# Pandas Dataframe to Google Firestore

On my recent Hacker News project I ended up building a few nested data views in my pandas dataframe. These views are for plotting the user's comment sentiment over time, and for their top 50 saltiest comments.

I needed to find somewhere to host this data for the front end app and after looking over every offering across AWS/Heroku/GoogleCloud I settled on Google Cloud's Cloud Firestore. 

The price and usability was hard to beat, but the system lacks a simple `csv` upload. And since I had nested values in my dataframe as `str(dict)`s I wanted to un-nest them and take advantage of the document based structure of Google Firestore. 

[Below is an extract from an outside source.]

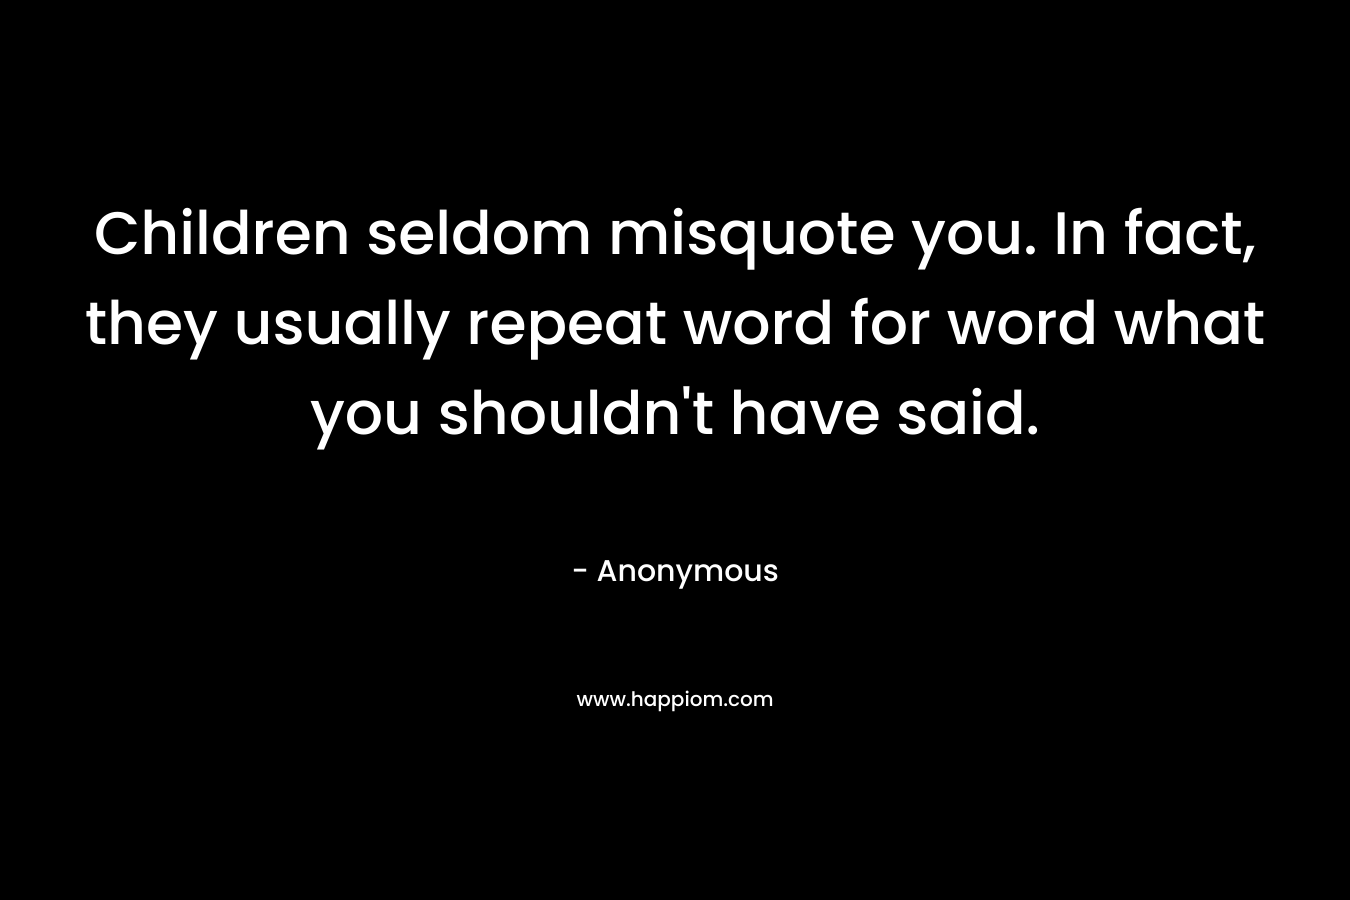 Children seldom misquote you. In fact, they usually repeat word for word what you shouldn't have said.

This un-nesting string method would work for MongoDB as well. 

The primary advantage of using Firestore is that I won't have to worry about building a scalable API, and the cost of storage/querying is very low. 

An added advantage is that my front-end dev partners can write all the code they'd like in JS, and I can write and interact with the database using Python. That's a major win.

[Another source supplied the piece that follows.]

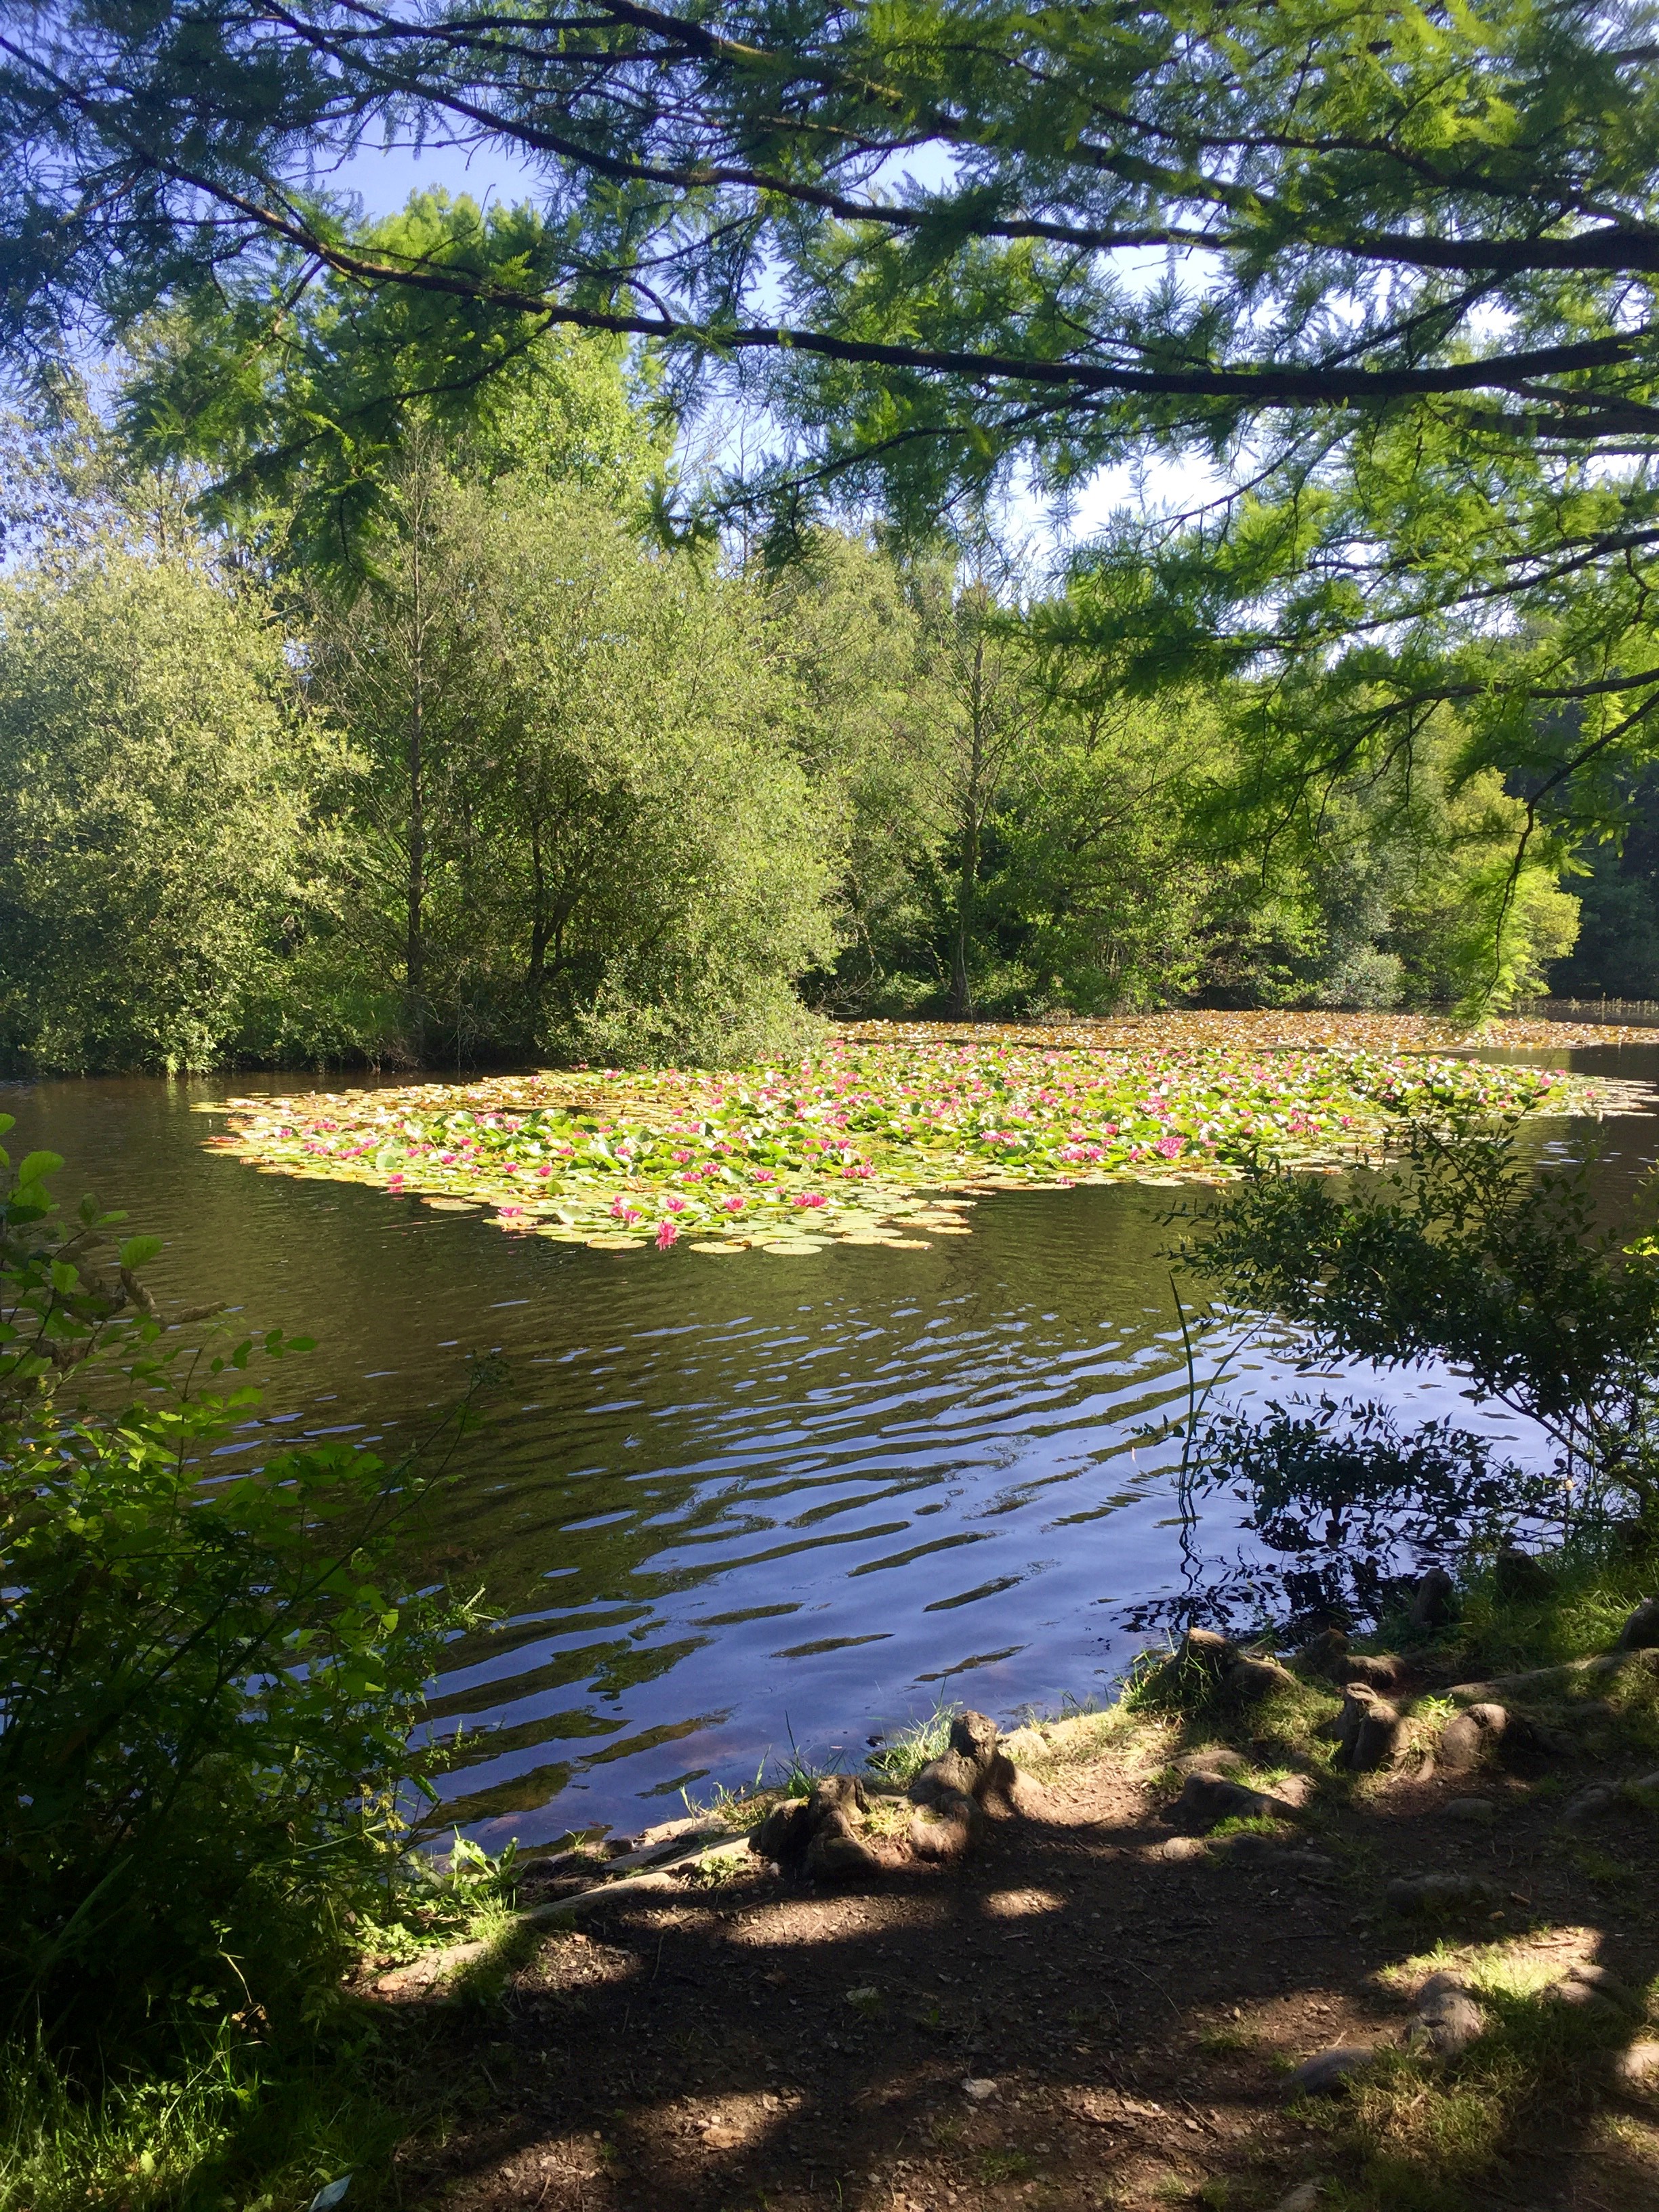 pond surrounded by trees with a large swath of blooming lily pads on top

## Set up the Google Cloud Environment

I recommend using the [Firestore Quickstart Tutorials](https://cloud.google.com/firestore/docs/quickstart-servers) to get started. You will need to get registered on Google Cloud Platform, and create a Google Cloud Platform project.

Follow the instructions to create your database and download the authentication credential (`.json`).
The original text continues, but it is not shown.